Historical Development of the Concept: A Preliminary Outline
• Few research institutes in Sweden, universities functions as research institutes for ”all of society”.
• 1960s and 1970s – sectoral research funding expands.
• The problem with sectoral research was that Swedish research policy was too divided (sectoralized).
• 1980s and 1990s – a section of the academic world attacks sectoral research and tries to increase academic control over its funding (Gustavsson, Elzinga, Nybom, Wittrock).
• The concept moves from the unified research policy debate to the academic freedom debate!
• 2000 – the concept of sectoral research largely disappears from the Swedish debate.
Successful Mobilisation?
• Fairly successful 1980-2000.
• Forced sectoral agencies to reluctantly create structures resembling research councils (Persson 2001).
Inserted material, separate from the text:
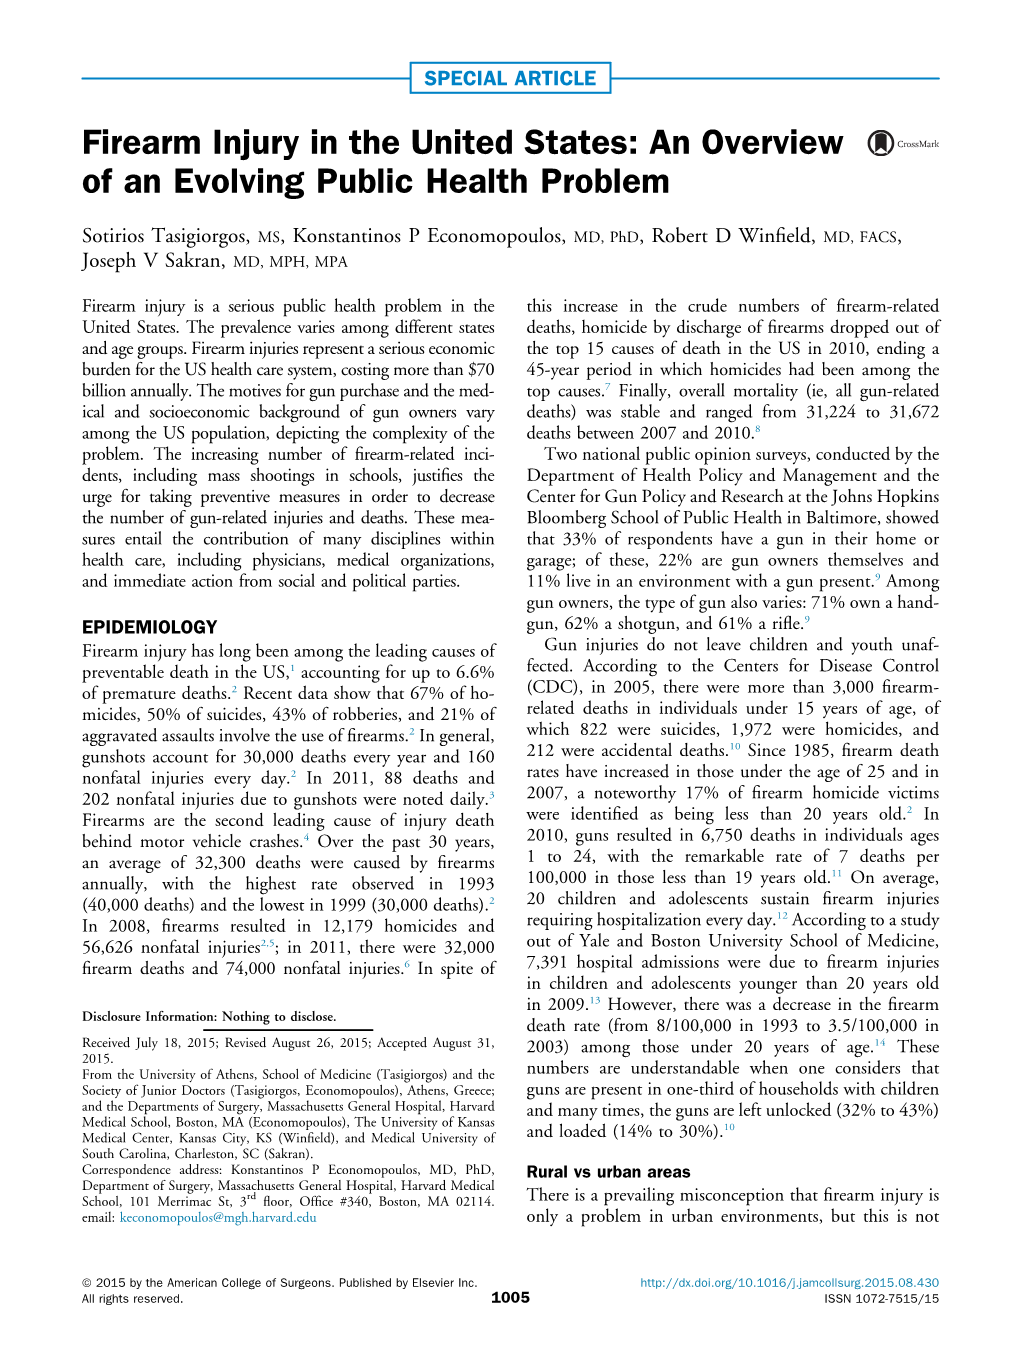 Firearm Injury in the United States: an Overview of an Evolving Public Health Problem

• In spite of Carl Tham at the Ministry of Education, two investigations took the university side (SOU 1996: 29, SOU 1998:128).
• Much sectoral research funding transferred to FAS and FORMAS.
• Many complaints that Swedish research policy too much favoured curiosity-driven basic research (Arnold et al. 1999, Elan & Glimell 2004, Gergils 2006).
• Post-2000 – most concepts are used to legitimise Ruivo’s trend (Mode 2, Triple Helix, Innovation System, Cluster etc).
• Difficult to establish that having a concept was the cause of the successful mobilisation, but makes it interesting to study conceptual use!